O presidente Luiz Inácio Lula da Silva não quer o governo mobilizado pela tentativa de obter anistia para o deputado cassado José Dirceu (PT-SP). Na reunião da coordenação política, ontem, Lula deixou claro que o Planalto não deve se envolver, embora haja no palácio quem defenda a iniciativa favorável ao ex-ministro, a exemplo do assessor especial da Presidência Marco Aurélio Garcia.
Segundo um integrante do governo, Lula teme que o esforço pelo resgate político do ex-chefe da Casa Civil ofusque a prioridade número 1 do Executivo: a discussão e aprovação do Programa de Aceleração do Crescimento (PAC) pelo Congresso. Além disso, quer evitar a retomada de um tema tão desgastante para o governo como é o escândalo do mensalão.
A eleição da Câmara ajuda a entender a preocupação do presidente. Naquele caso, o PT contrariou Lula ao insistir na candidatura de Arlindo Chinaglia (PT-SP). No final, ele venceu a disputa contra Aldo Rebelo (PC do B-SP), inicialmente o favorito do Planalto.
Assim como Lula, vários deputados petistas também são contra a idéia de levar adiante o plano de anistiar José Dirceu, porque temem o desgaste do PT neste início de legislatura. Os menos ligados ao deputado cassado dizem que o tema dividiria a bancada e traria constrangimento a muitos companheiros de partido. Deputados próximos a Dirceu, como Cândido Vaccarezza (SP) e Carlos Zarattini (SP), embora favoráveis à anistia, insistem que o assunto não está em discussão no PT.
Para levar adiante a anistia, o PT precisaria escalar um deputado disposto a assumir o desgaste de encampar a causa. A idéia dos aliados do ex-ministro é obter 1,5 milhão de assinaturas para apresentar um projeto de lei de iniciativa popular. No entanto, esse tipo de projeto, para avançar no Legislativo, precisa ser formalmente apresentado por um parlamentar. Caso contrário, emperraria em uma série de exigências legais.

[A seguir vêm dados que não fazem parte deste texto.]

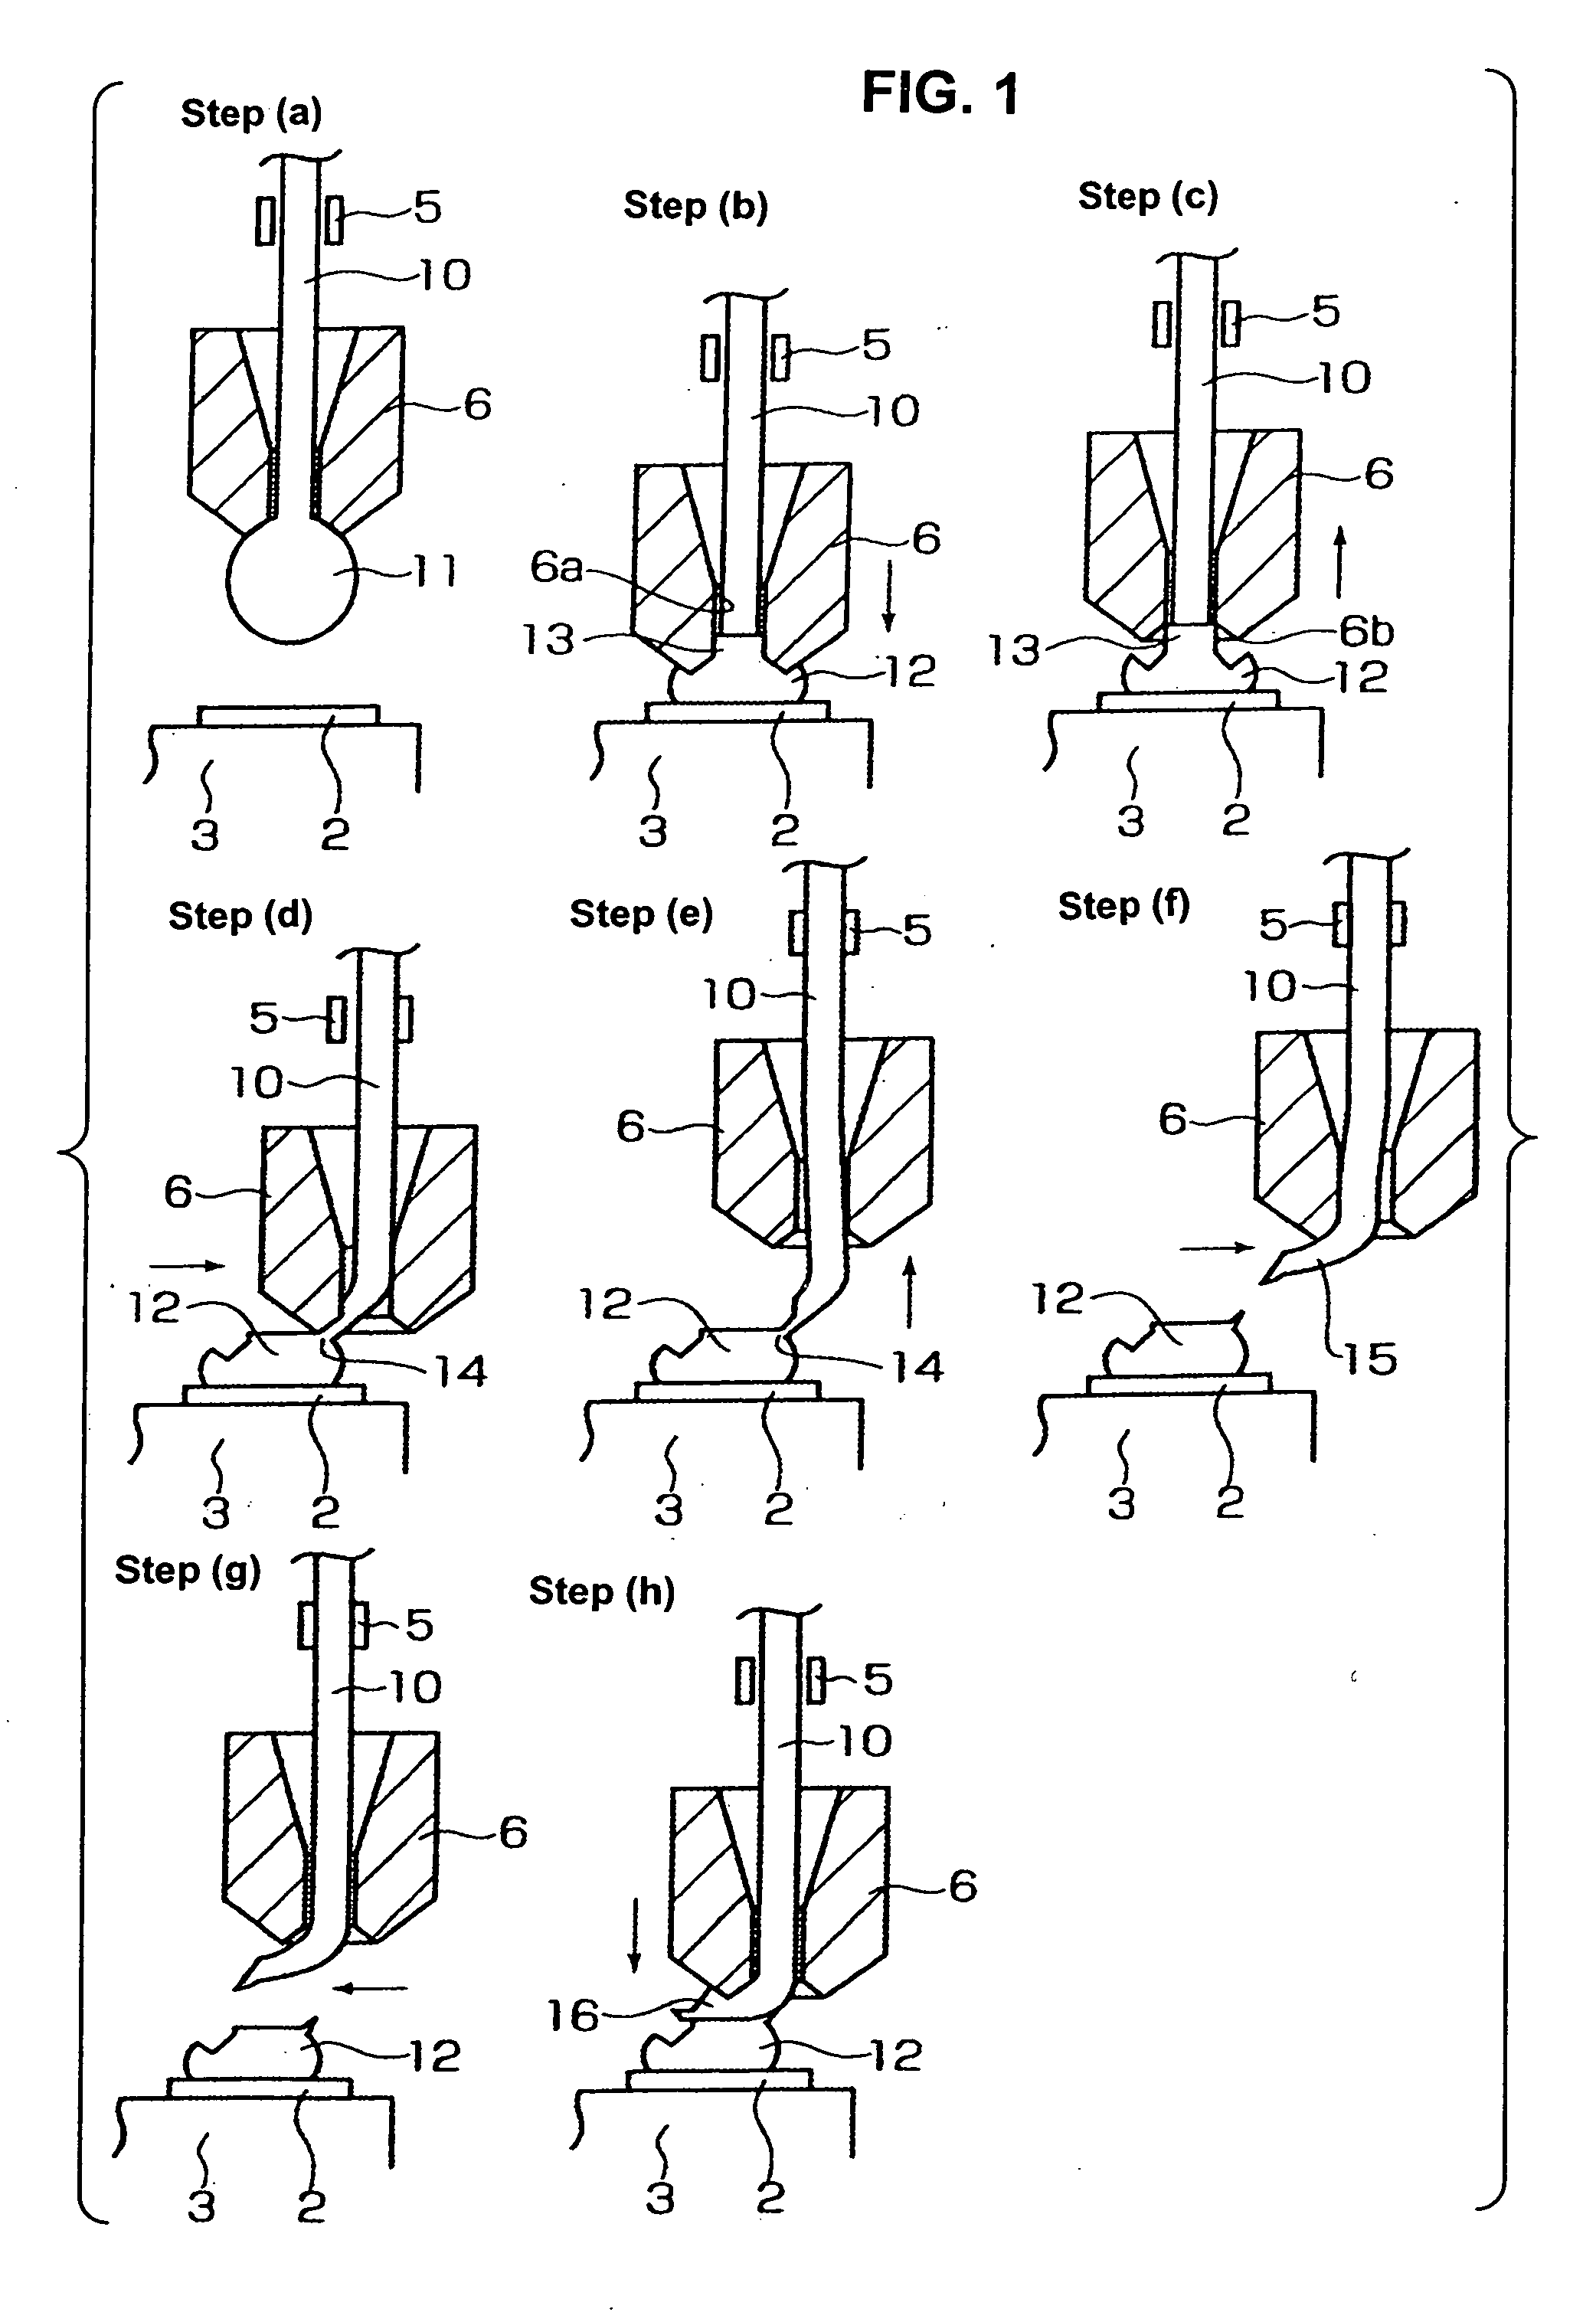 Wire bonding method

Pelas regras do Legislativo, anistiar é mais fácil do que cassar. Para o plenário aprovar a cassação do mandato de um deputado, são necessários os votos de pelo menos 257 deputados – maioria absoluta entre os 513 parlamentares. No caso da anistia, basta a aprovação por maioria simples – metade mais um dos votos dos deputados presentes à sessão. A votação é aberta, como a de qualquer projeto de lei.
Os projetos de iniciativa popular estão previstos na Constituição e tramitam como projeto de lei normal, desde que tenham a assinatura de no mínimo 1% do eleitorado nacional distribuído em no mínimo cinco Estados. Embora um deputado pudesse apresentar isoladamente o projeto de anistia, os petistas próximos a Dirceu acreditam que as assinaturas emprestariam legitimidade à pretensão do ex-ministro.
No entanto, o histórico dos projetos de iniciativa popular apresentados na Câmara mostra que vão para frente os que são encampados por um deputado. Se isso não acontecer, a Câmara é obrigada a conferir cada assinatura, o título de eleitor do signatário e o endereço, o que praticamente inviabiliza o andamento do projeto de lei.
Projetos de iniciativa popular bem-sucedidos – como o que ampliou a lista de crimes hediondos, o que criou o Fundo de Moradia Popular e o que instituiu o crime da compra de votos – tiveram deputados ou o Poder Executivo como autores.
Um petista ouvido pelo Estado disse temer que o abaixo-assinado não alcance as adesões necessárias. “O PT não tem 1 milhão de filiados, não há garantia de que conseguisse o mínimo necessário de assinaturas”, afirmou o deputado.
Zarattini, apontado como um dos possíveis autores do projeto de anistia, diz que não faltariam parlamentares dispostos a encampar a causa, mas reitera que o assunto não está em pauta no PT. “Vocês estão criando uma não-pauta. Isto não foi debatido, não está colocado. Mas, como me perguntou, respondo que um deputado poderia apoiar”, afirmou Zarattini ontem, referindo-se a eventual projeto pró-Dirceu.
Como projeto de lei, a anistia, se aprovada na Câmara, teria que ir a votação no Senado. Se passasse, iria à sanção do presidente da República. Em 1995, o senador Humberto Lucena (PMDB-PB), que teve o mandato cassado pelo uso da gráfica do Senado para imprimir material de campanha, foi anistiado. A anistia foi aprovada no Legislativo e sancionada por Fernando Henrique Cardoso.